By ASPPA Net Staff • February 02, 2017 • 0 Comments
The IRS on Jan. 26 issued the updated version of Publication 560, “Retirement Plans for Small Business (SEP, SIMPLE, and Qualified Plans)” for use in preparing 2016 returns.

The changes the IRS has made to Publication 560 for 2016 reporting result from compensation and other limits the IRS adjusts annually, as well as tax relief and mid-year changes to safe harbor plans and notices.

Annual Limits

The changes relevant to Publication 560 that result from annually adjusted limits include the following.

Compensation limits. For 2016, the maximum compensation used for figuring contributions and benefits is $265,000. This limit increases to $270,000 for 2017.

Elective deferral limit. The limit on elective deferrals, other than catchup contributions, is $18,000 for 2016 and 2017. These limits apply for participants in SARSEPs, 401(k) plans (excluding SIMPLE plans), 403(b) plans and 457(b) plans.
Defined contribution limit. The limits on contributions, other than catchup contributions, for a participant in a DC plan are $53,000 for 2016 and $54,000 in 2017.

SIMPLE plan salary reduction contribution limit. The limit on salary reduction contributions, other than catchup contributions, is $12,500 for 2016 and 2017.

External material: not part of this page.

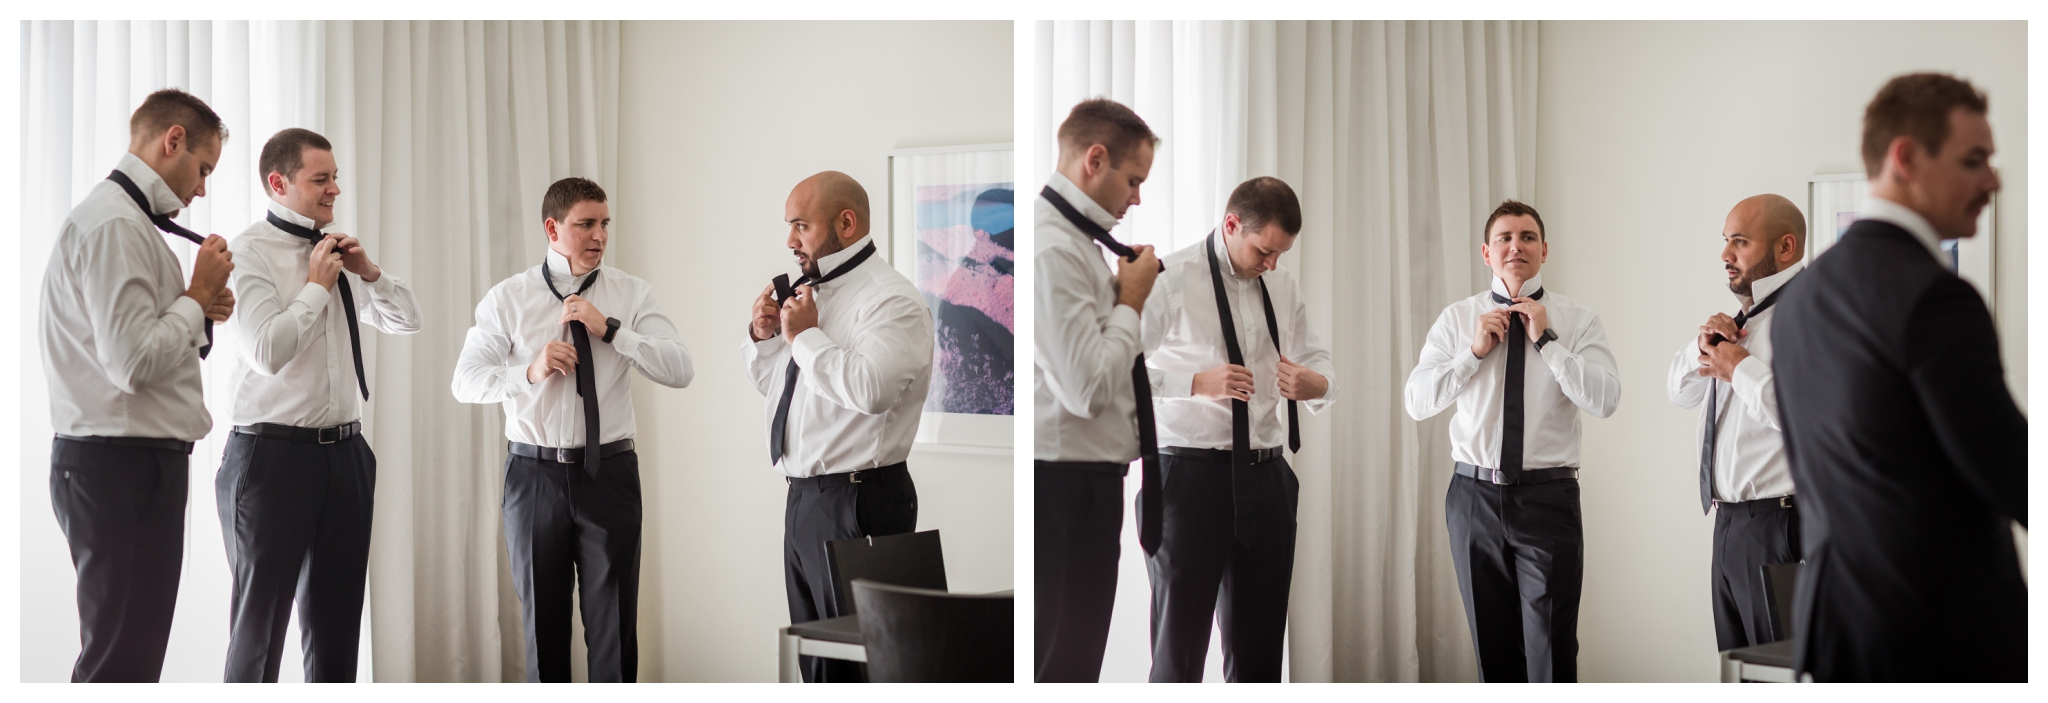 groomsmen-duxton-hotel-perth

Catch-up contribution limit. A plan can permit participants who are age 50 or over at the end of the calendar year to make catchup contributions in addition to elective deferrals and SIMPLE plan salary reduction contributions. The catchup contribution limitation for DC plans other than SIMPLE plans is $6,000 for 2016 and 2017. The catchup contribution limitation for SIMPLE plans is $3,000 for 2016 and 2017. A participant's catchup contributions for a year can’t exceed the lesser of either:

  • the catchup contribution limit; or

  • the excess of the participant's compensation over the elective deferrals that are not catchup contributions.

Other Changes

Changes relevant to 2016 reporting that are not related to annual limits include the following.

Tax relief for victims of Hurricane Matthew. New rules provide for loans and hardship distributions from certain retirements plans to victims of Hurricane Matthew and members of their families. To qualify for this relief, loans and hardship withdrawals must be made by March 15, 2017.

Mid-year changes to safe harbor plans and notices. IRS Notice 2016-16 included guidance regarding permissible midyear changes to safe harbor 401(k) and 401(m) plans and notices.